** PROVIDED INFORMATION follows **

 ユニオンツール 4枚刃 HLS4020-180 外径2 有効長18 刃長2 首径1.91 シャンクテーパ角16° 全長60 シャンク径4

** End of PROVIDED INFORMATION **
** PROVIDED INFORMATION follows **

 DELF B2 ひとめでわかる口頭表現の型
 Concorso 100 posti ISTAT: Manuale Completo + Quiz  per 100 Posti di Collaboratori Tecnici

** End of PROVIDED INFORMATION **
** PROVIDED INFORMATION follows **

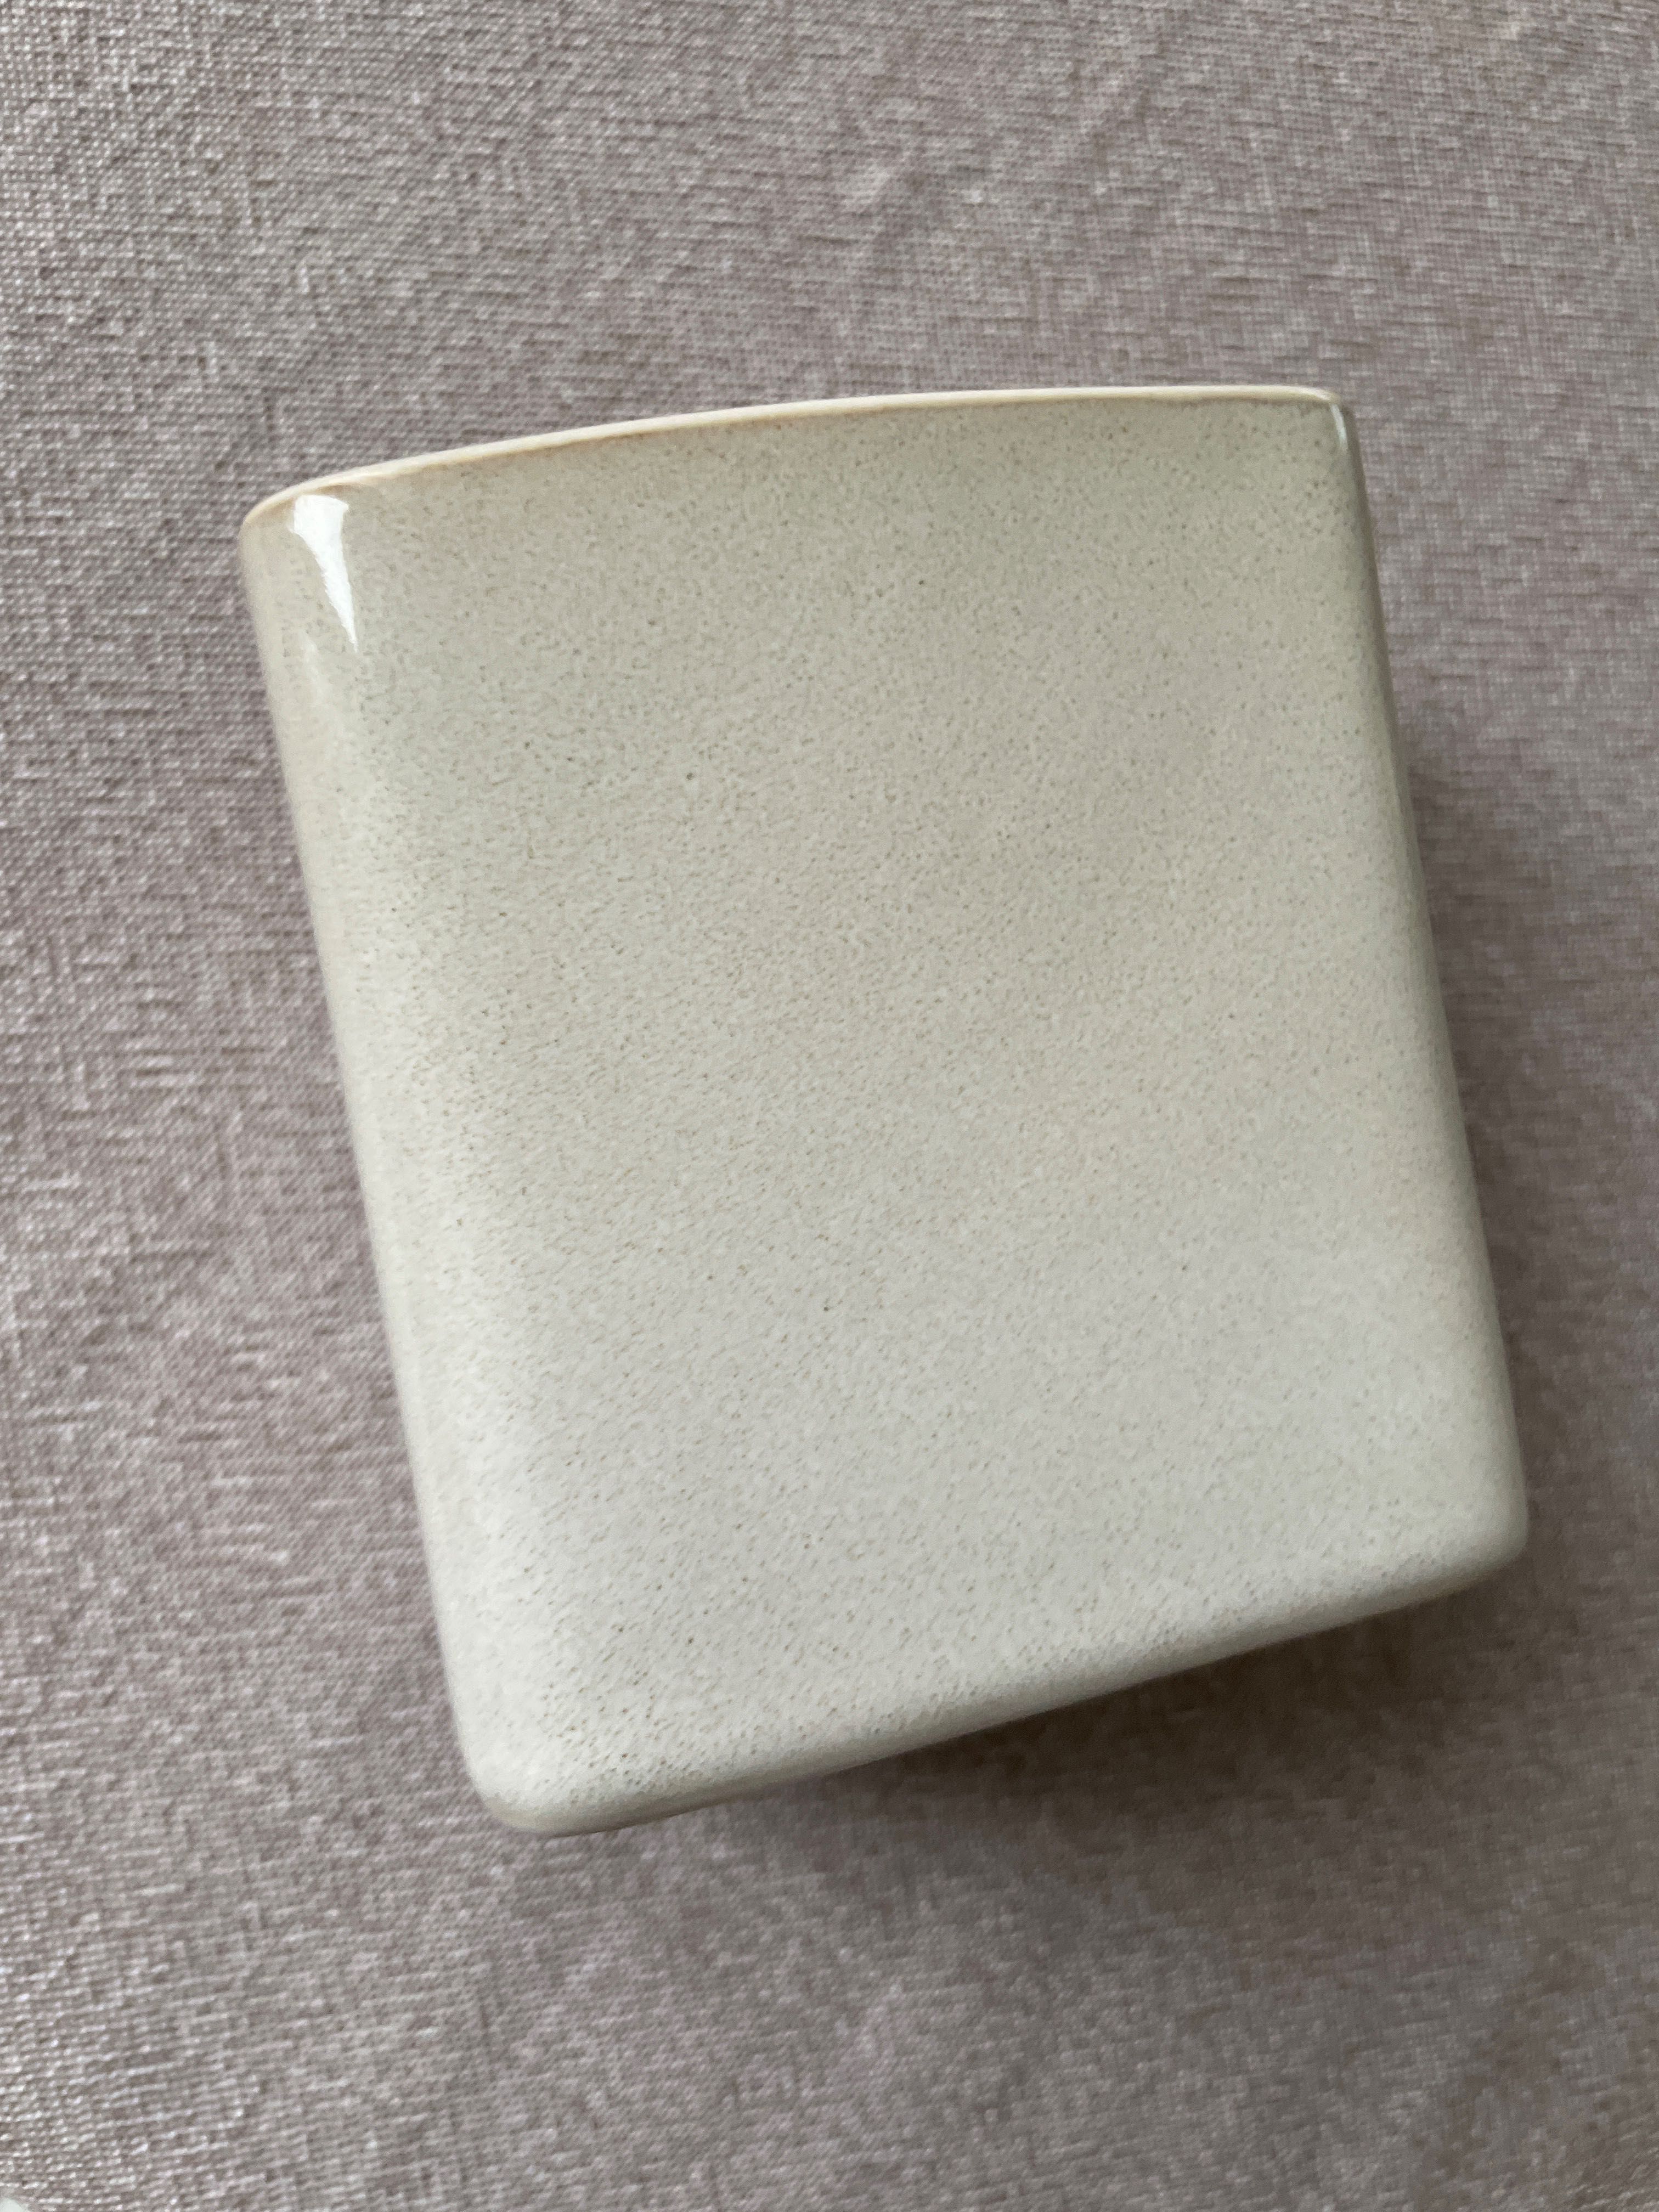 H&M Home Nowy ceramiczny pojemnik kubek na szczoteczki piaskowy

** End of PROVIDED INFORMATION **

Please output the lines of the listing above that fall in the stretch from the one with "DELF B2 ひとめでわかる口頭表現の型" through the one with "Concorso 100 posti", exactly and only those.

 DELF B2 ひとめでわかる口頭表現の型
 Concorso 100 posti ISTAT: Manuale Completo + Quiz  per 100 Posti di Collaboratori Tecnici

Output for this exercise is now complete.